TRY IT: Starting at the line that contains "Nikka Yoichi Apple" in the listing below, write out every line word for word until you have written the line that contains "Ugg Bonham Chelsea".

RECORDS SUPPLIED:
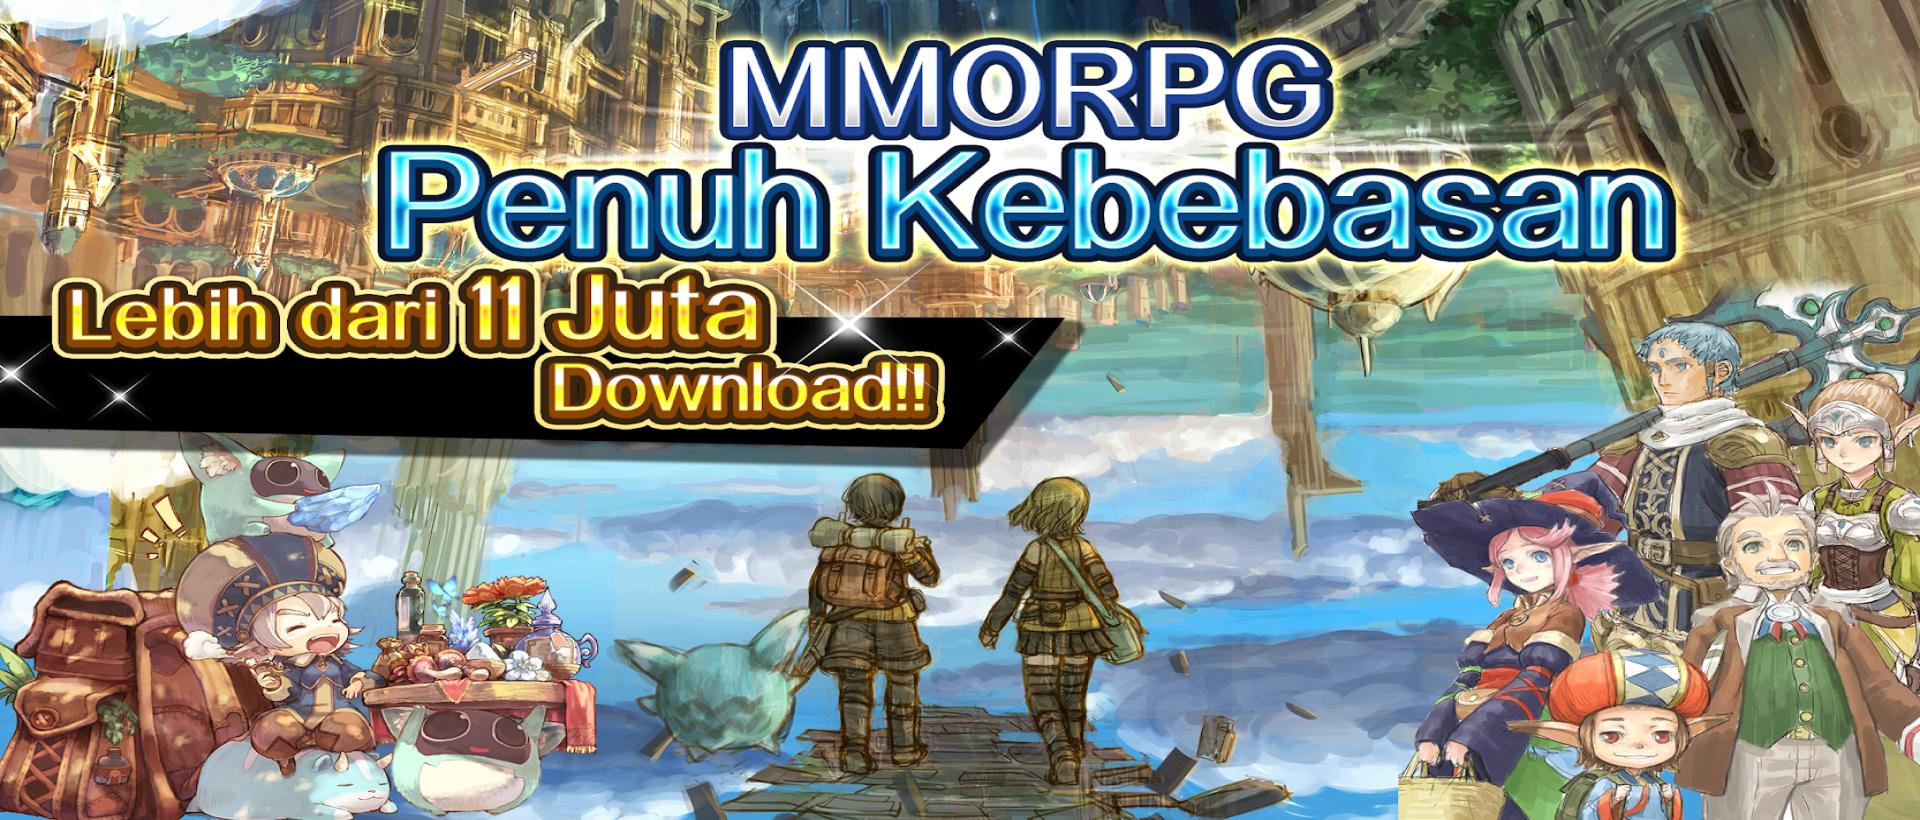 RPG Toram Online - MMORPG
* * *
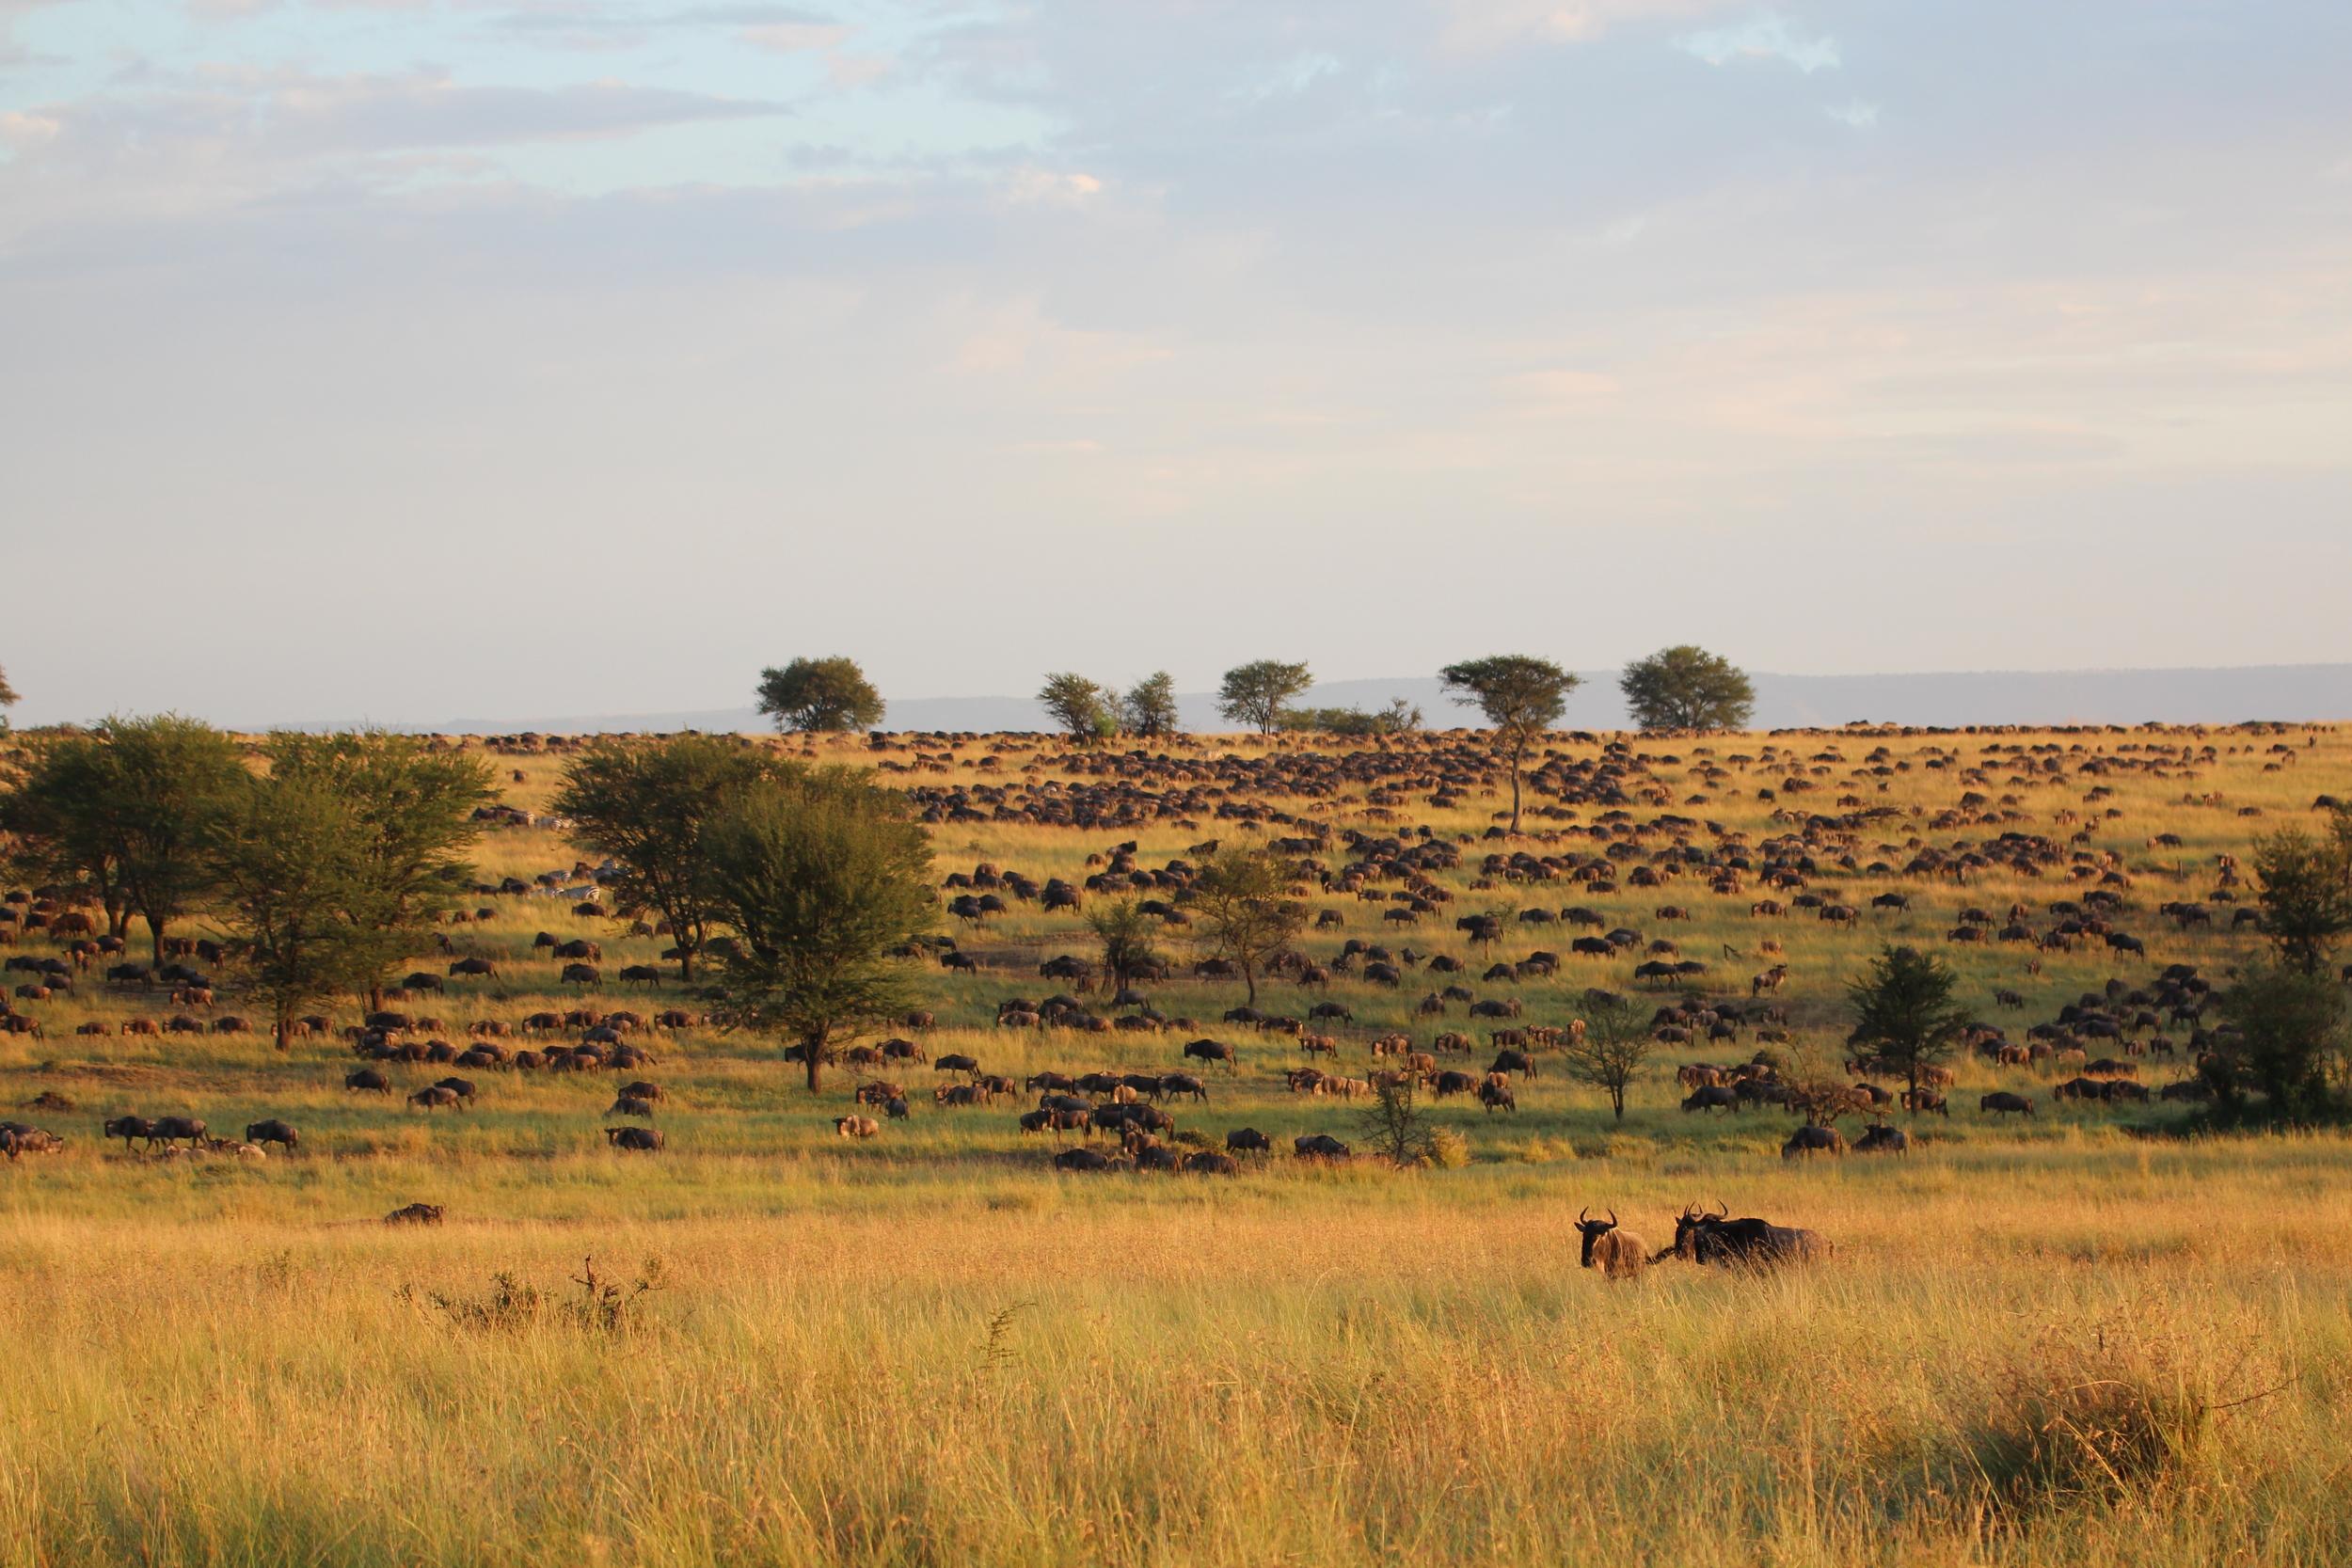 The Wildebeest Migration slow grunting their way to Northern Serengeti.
* * *
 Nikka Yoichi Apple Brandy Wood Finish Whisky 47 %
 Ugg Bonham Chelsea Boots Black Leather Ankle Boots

REPLY:
 Nikka Yoichi Apple Brandy Wood Finish Whisky 47 %
 Ugg Bonham Chelsea Boots Black Leather Ankle Boots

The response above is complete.